Für die Zulässigkeit von Minusstunden braucht es eine entsprechende Regelung im Arbeitsvertrag, dem Tarifvertrag oder der Betriebsvereinbarung. Dort muss auch festgelegt werden, unter welchen Umständen Minusstunden aufgebaut und auch wieder abgebaut werden können. Außerdem gelte: ohne Arbeitszeitkonto, keine Minusstunden. Allerdings gilt laut einem Urteil des Europäischen Gerichtshofs (EuGH) aus dem Jahr 2019 eine Pflicht zur Zeiterfassung.

Minusstunden durch Arbeitgeber verursacht: Was gilt?

Wenn Arbeitnehmerinnen und Arbeitnehmer ihre Minusstunden nicht selbst verschuldet haben, dürfen ihnen diese auch nicht zur Last gelegt werden. Das geht aus Paragraf 615 des Bürgerlichen Gesetzbuchs (BGB) hervor. Dort steht, dass Arbeitgeber ihre Angestellten für Negativstunden voll vergüten müssen, falls diese durch das Unternehmen selbst angeordnet wurden.

Ein solches Szenario ist denkbar, wenn die volle Auslastung eines Betriebes durch die Auftragslage nicht gewährleistet ist und Angestellte daher von ihren Führungskräften in einen frühzeitigen Feierabend geschickt werden. Die DGB Rechtsschutz GmbH nennt ein interessantes Detail aus der Zeit der Corona-Pandemie: Auch Auftragsausfälle, die durch Corona bedingt sind, ermächtigen Arbeitnehmer nicht dazu, Arbeitnehmerinnen und Arbeitnehmer nach Hause zu schicken und ihnen Minusstunden zu notieren.

Müssen Minusstunden nachgearbeitet werden?

Wer sich mit Minusstunden konfrontiert sieht, sollte zunächst prüfen, ob diese rechtmäßig entstanden sind.
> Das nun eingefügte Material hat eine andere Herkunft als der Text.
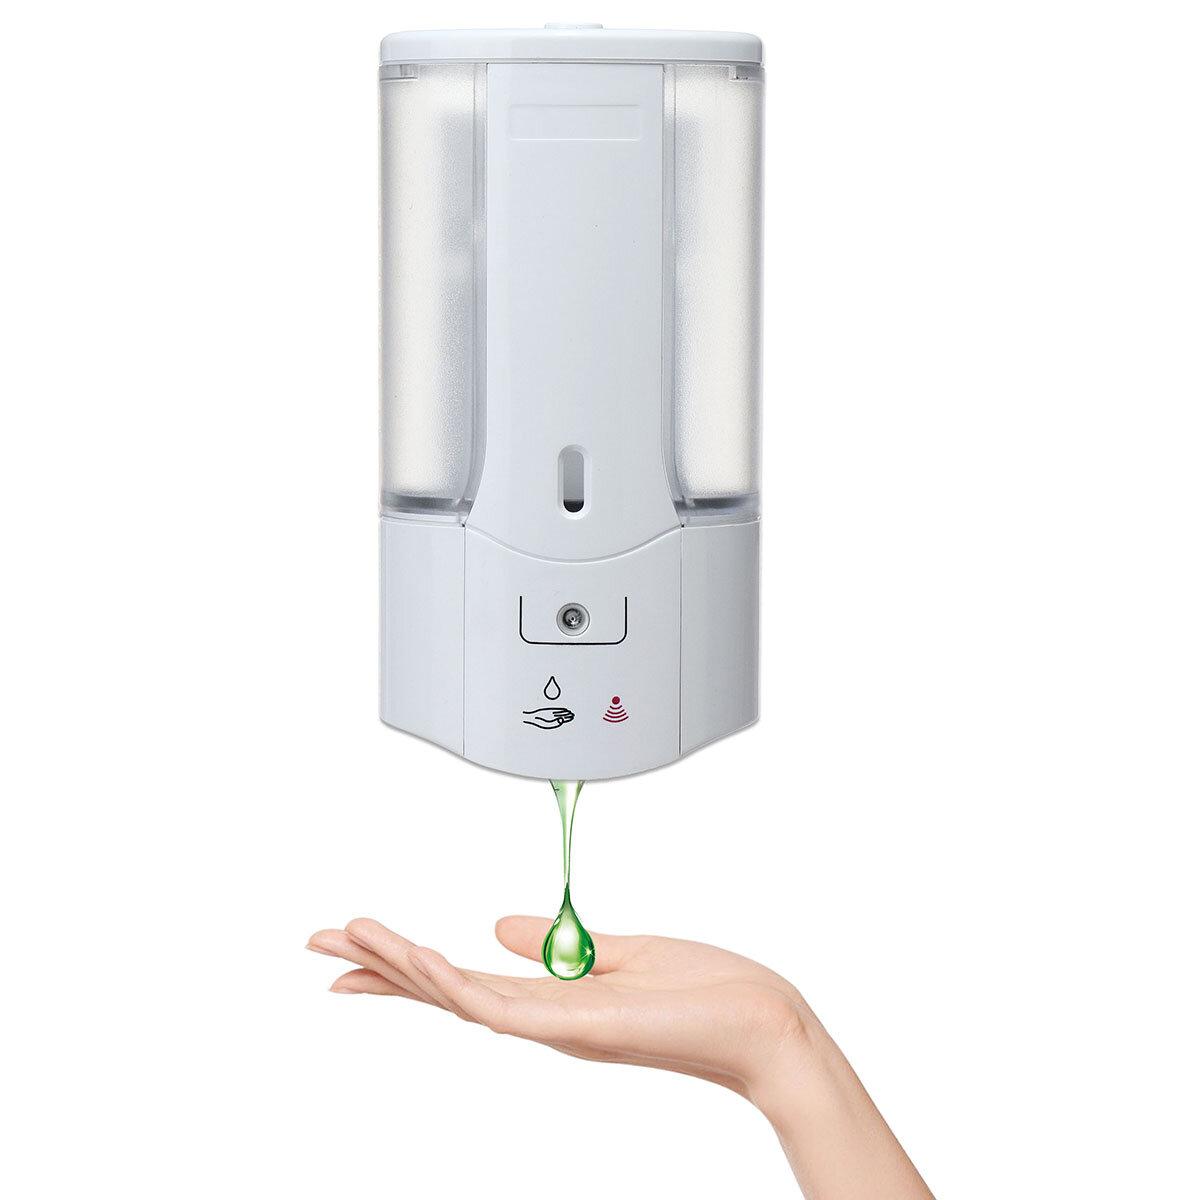 500ml Automatic Sensor Hand Free Soap Dispenser Shampoo Bathroom Wall Mounted Liquid Dispenser Sale Banggood Com

Das Portal arbeitsvertrag.org empfiehlt, den folgenden Fragen auf den Grund zu gehen:

  • Habe ich einem Arbeitszeitkonto zugestimmt? (Beispielsweise durch eine Unterschrift des Arbeitsvertrags)

  • Ist vertraglich geregelt, wie Minusstunden abgebaut werden können?

  • Ist die Anzahl der Minusstunden nachvollziehbar? (Die Auflistung sollte Tag für Tag durchgegangen werden)

Wenn es mit den Minusstunden seine Richtigkeit hat, müssen diese von den Arbeitnehmerinnen und Arbeitnehmern ausgeglichen werden. In Deutschland gibt es keinen Gesetzesrahmen, der vorgibt, wie genau mit Negativstunden umgegangen werden muss. Daher liegt es zu einem großen Teil an den Arbeitgebern, wie Minusstunden abgebaut werden können.

Laut einem Bericht des Unternehmens gfos, das eine Software für die Zeiterfassung entwickelt hat, haben Angestellte in aller Regel die Möglichkeit, Minusstunden durch das Leisten von Überstunden auszugleichen. Arbeitergeber geben dafür häufig einen Zeitrahmen vor. Wird das Arbeitszeitkonto in diesem nicht ausgeglichen, sind Kürzungen des Gehalts möglich. Falls der Arbeitgeber stattdessen Urlaubsansprüche kürzt, können Sie sich wehren. Das ist laut arbeitsvertrag.org nicht rechtens.

Was passiert mit Minusstunden bei Kündigung?

Wenn eine Arbeitnehmerin oder ein Arbeitnehmer zum Zeitpunkt seiner Kündigung Minusstunden auf dem Arbeitszeitkonto stehen hat, muss er diese bis zum Datum, an dem er das Unternehmen verlässt, durch Überstunden ausgleichen. Ist das nicht der Fall, darf der Arbeitgeber die fehlenden Stunden laut dem Handelsblatt mit dem letzten Gehalt verrechnen.

Übrigens: Kaffeepausen und Raucherpausen zählen nicht zur Arbeitszeit. Der Arbeitgeber darf diese in der Regel aber auch nicht verbieten.